* [INSTRUCTIONS FOR THE TASK] Starting at the line that contains "Pistachio Lemon Costa" and ending at the line that contains "Optimal Management of", the lines below are to be given again exactly, with nothing added.

*****

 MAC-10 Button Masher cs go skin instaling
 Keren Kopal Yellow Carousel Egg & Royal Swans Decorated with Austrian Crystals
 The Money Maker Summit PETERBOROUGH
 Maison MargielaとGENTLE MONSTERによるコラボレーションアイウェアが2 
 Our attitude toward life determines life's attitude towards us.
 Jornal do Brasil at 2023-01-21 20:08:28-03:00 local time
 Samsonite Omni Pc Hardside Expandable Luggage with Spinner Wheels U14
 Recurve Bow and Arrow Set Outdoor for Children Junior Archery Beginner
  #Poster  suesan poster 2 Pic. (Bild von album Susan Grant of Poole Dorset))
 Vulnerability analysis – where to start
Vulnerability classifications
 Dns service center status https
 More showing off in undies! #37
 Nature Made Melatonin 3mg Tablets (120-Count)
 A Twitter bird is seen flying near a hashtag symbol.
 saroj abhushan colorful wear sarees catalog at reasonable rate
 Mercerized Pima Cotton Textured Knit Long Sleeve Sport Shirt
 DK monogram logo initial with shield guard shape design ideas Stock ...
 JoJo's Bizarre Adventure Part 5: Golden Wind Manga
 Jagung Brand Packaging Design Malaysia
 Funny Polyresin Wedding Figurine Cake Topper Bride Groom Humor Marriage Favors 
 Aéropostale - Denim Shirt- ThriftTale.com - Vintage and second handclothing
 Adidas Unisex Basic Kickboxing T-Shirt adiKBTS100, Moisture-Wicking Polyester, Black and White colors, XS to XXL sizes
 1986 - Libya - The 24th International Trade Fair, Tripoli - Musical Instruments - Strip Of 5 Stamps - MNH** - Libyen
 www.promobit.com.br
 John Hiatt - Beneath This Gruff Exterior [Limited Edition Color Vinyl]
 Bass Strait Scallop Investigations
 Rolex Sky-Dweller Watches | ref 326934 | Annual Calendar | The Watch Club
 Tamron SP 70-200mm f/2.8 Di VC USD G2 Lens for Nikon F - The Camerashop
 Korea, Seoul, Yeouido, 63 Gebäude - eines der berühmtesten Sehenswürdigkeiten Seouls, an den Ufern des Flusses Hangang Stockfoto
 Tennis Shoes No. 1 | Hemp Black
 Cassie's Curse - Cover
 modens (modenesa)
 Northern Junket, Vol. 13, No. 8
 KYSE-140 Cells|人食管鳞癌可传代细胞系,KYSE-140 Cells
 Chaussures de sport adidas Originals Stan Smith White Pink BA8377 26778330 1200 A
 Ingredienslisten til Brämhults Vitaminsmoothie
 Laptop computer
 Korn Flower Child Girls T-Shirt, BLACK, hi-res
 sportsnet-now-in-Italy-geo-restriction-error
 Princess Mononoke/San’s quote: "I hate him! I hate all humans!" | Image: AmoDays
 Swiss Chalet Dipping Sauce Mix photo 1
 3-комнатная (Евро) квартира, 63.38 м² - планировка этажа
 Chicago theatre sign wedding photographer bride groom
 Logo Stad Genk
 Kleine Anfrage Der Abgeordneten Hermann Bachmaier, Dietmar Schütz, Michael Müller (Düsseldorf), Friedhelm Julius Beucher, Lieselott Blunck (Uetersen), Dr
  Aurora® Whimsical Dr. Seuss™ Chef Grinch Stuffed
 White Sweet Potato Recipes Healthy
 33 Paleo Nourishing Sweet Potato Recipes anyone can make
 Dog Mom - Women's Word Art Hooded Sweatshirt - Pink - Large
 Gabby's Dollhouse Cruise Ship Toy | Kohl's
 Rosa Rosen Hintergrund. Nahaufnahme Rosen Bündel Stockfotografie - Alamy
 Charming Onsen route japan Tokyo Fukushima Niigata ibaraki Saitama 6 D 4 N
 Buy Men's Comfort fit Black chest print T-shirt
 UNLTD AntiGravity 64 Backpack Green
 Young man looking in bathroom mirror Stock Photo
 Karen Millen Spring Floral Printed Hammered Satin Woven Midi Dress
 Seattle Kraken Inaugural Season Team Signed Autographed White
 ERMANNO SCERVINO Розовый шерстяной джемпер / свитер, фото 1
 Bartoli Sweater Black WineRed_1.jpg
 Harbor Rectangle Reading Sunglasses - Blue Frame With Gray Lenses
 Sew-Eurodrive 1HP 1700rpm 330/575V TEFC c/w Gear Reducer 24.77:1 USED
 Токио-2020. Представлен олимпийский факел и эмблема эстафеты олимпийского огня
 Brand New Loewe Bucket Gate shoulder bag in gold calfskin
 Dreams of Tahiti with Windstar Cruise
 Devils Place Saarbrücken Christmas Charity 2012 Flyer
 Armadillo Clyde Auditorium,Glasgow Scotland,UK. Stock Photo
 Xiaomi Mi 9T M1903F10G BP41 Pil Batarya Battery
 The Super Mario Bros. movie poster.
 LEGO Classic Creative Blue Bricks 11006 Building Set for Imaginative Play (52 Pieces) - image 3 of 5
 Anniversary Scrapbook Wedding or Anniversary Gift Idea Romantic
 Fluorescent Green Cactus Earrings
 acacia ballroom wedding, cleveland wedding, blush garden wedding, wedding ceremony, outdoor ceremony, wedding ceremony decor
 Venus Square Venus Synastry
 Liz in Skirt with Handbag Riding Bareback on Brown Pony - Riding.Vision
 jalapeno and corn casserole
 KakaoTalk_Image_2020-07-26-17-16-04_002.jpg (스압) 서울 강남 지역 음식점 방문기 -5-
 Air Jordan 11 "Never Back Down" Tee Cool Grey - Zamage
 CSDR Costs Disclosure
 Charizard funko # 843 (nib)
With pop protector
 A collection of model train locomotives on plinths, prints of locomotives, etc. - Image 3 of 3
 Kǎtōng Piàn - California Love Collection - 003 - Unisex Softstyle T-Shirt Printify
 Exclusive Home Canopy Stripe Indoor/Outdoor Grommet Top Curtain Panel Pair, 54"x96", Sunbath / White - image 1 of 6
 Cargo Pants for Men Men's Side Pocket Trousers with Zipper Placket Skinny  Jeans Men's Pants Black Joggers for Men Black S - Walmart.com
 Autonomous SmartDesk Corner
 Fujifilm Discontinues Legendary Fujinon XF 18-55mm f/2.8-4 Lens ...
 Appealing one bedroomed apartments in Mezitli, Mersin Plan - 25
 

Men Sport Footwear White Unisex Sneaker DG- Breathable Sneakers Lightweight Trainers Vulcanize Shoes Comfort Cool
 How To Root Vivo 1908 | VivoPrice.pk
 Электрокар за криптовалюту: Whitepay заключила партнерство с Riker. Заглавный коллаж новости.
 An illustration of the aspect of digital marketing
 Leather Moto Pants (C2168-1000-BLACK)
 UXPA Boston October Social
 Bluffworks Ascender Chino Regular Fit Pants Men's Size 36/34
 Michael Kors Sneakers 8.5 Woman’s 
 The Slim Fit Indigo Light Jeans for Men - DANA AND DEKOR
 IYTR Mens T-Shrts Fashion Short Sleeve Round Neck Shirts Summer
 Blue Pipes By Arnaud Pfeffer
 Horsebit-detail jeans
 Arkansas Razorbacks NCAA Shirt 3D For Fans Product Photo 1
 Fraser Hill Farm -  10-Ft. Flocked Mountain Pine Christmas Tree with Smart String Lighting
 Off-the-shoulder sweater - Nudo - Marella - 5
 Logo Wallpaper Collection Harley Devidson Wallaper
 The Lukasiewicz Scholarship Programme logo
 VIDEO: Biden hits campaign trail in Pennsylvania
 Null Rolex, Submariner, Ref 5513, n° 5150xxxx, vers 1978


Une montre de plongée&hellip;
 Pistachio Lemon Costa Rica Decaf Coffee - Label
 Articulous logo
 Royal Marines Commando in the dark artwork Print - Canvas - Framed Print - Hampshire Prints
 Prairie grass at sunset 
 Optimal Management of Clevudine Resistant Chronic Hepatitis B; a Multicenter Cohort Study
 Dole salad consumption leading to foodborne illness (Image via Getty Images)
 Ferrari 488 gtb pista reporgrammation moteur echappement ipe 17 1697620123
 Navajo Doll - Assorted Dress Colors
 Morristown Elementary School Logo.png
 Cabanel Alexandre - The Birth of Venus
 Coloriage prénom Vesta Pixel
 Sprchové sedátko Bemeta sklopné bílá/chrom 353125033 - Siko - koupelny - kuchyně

*****

* [RESULT OF THE TASK]
 Pistachio Lemon Costa Rica Decaf Coffee - Label
 Articulous logo
 Royal Marines Commando in the dark artwork Print - Canvas - Framed Print - Hampshire Prints
 Prairie grass at sunset 
 Optimal Management of Clevudine Resistant Chronic Hepatitis B; a Multicenter Cohort Study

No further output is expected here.